Oppiacei, benzodiazepine e farmaci
Gli oppiacei, alcuni analgesici, ansiolitici, sonniferi o antistaminici possono provocare sonnolenza, rallentamento e diminuzione della vigilanza. Una prescrizione medica non annulla il rischio stradale.
Perché le combinazioni sono particolarmente pericolose?
Associare alcol e cannabis, stimolanti e depressori, o più farmaci rende gli effetti più difficili da prevedere. Una sostanza può mascherare alcuni segnali senza eliminare l’alterazione causata dall’altra.
Cosa prevede la legge francese
La guida dopo l’uso di stupefacenti è vietata, qualunque sia la quantità consumata. Il controllo stradale è principalmente salivare, seguito da un’analisi di verifica in caso di risultato positivo.

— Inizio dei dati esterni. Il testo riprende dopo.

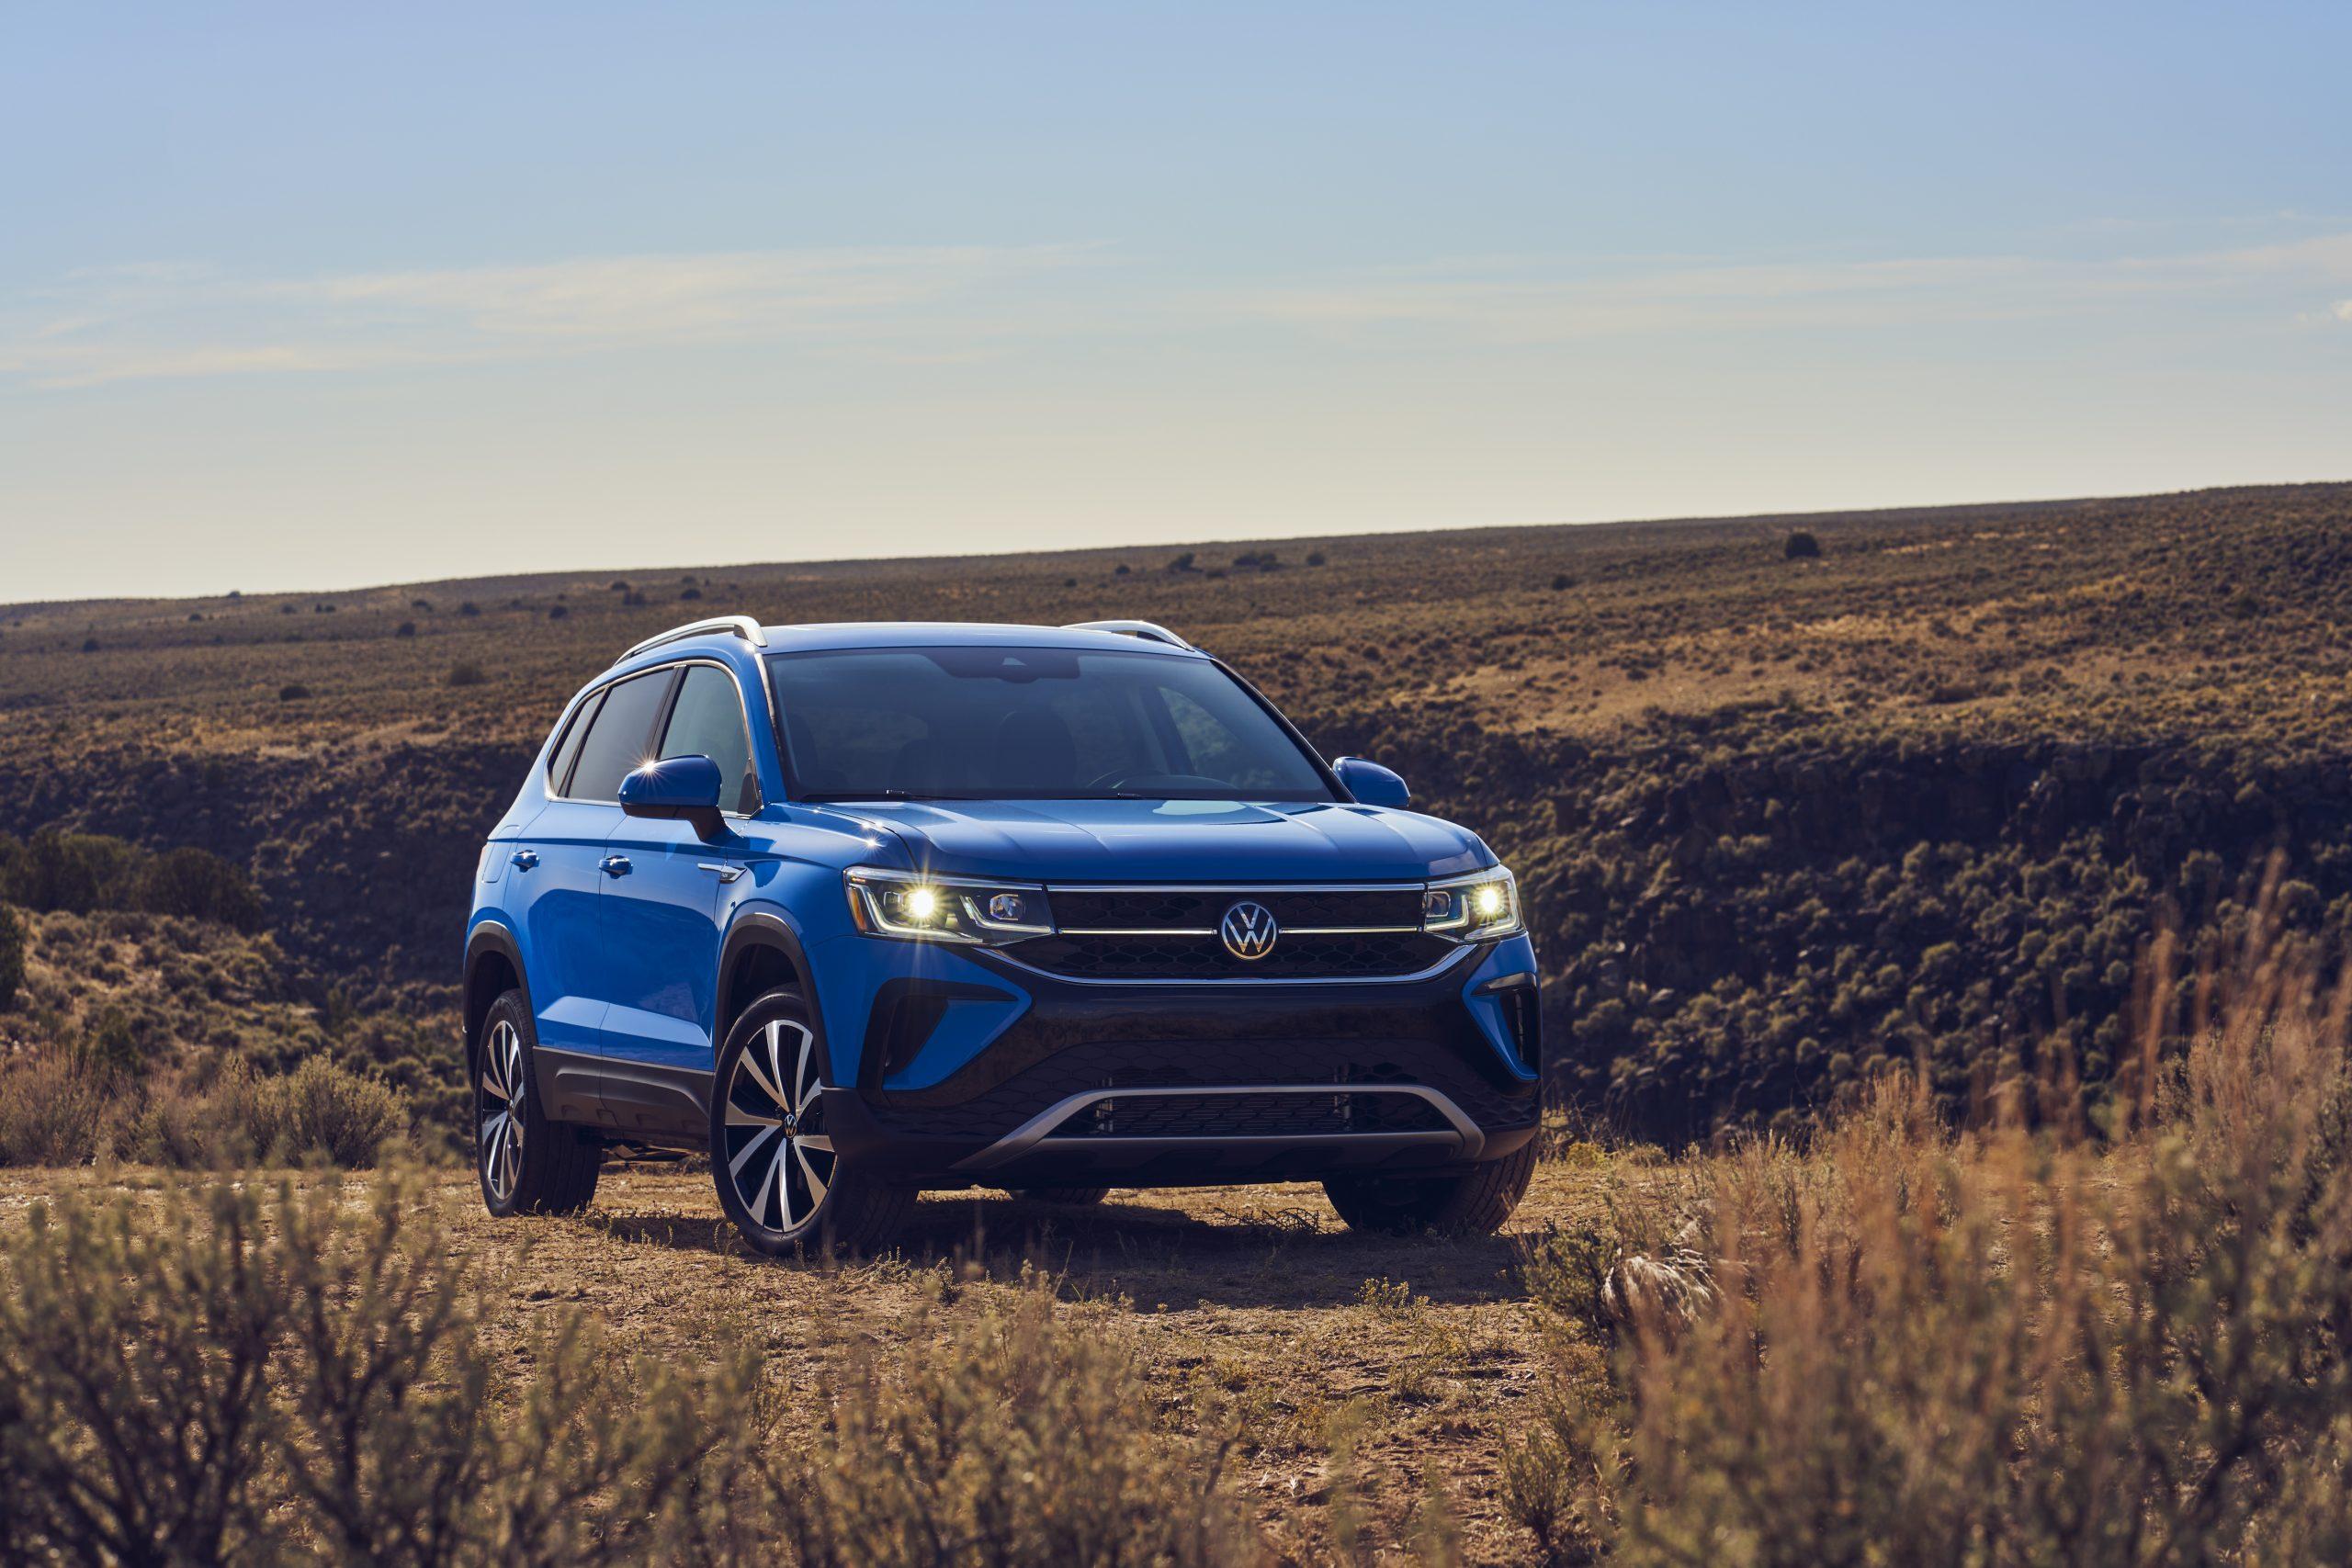 2022 Volkswagen Taos static front three quarter

Service-Public indica attualmente pene massime di tre anni di reclusione e 9.000 € di multa, con la perdita di sei punti. L’accumulo con l’alcol aggrava le sanzioni. Misure complementari possono riguardare la patente e il veicolo.
Si può aspettare “che passi”?
Non esiste un tempo universale che garantisca la scomparsa degli effetti e un test negativo. La sostanza, la dose, la frequenza d’uso, il sonno, il metabolismo e la soglia di rilevamento influenzano la situazione.
Rimanere sul posto è una buona decisione finché non è disponibile una soluzione sicura, ma non bisogna fissare da soli un’ora per riprendere la guida basandosi su una tabella trovata online.
Decisioni sicure
- designare un conducente che non consuma nulla;
- usare i mezzi pubblici, un taxi o un VTC;
- dormire sul posto;
- affidare le chiavi a una persona sobria;
- chiamare i soccorsi in caso di malessere, convulsioni, dolore toracico o perdita di coscienza;
- chiedere aiuto a un medico, a un CSAPA o a Drogues Info Service quando il consumo diventa difficile da controllare.
Quale ruolo per l’auto-diagnosi?
Un test salivare può fornire un’informazione preventiva sulle sostanze mirate. Non misura le capacità di guida e non sostituisce la decisione di non mettersi al volante dopo il consumo.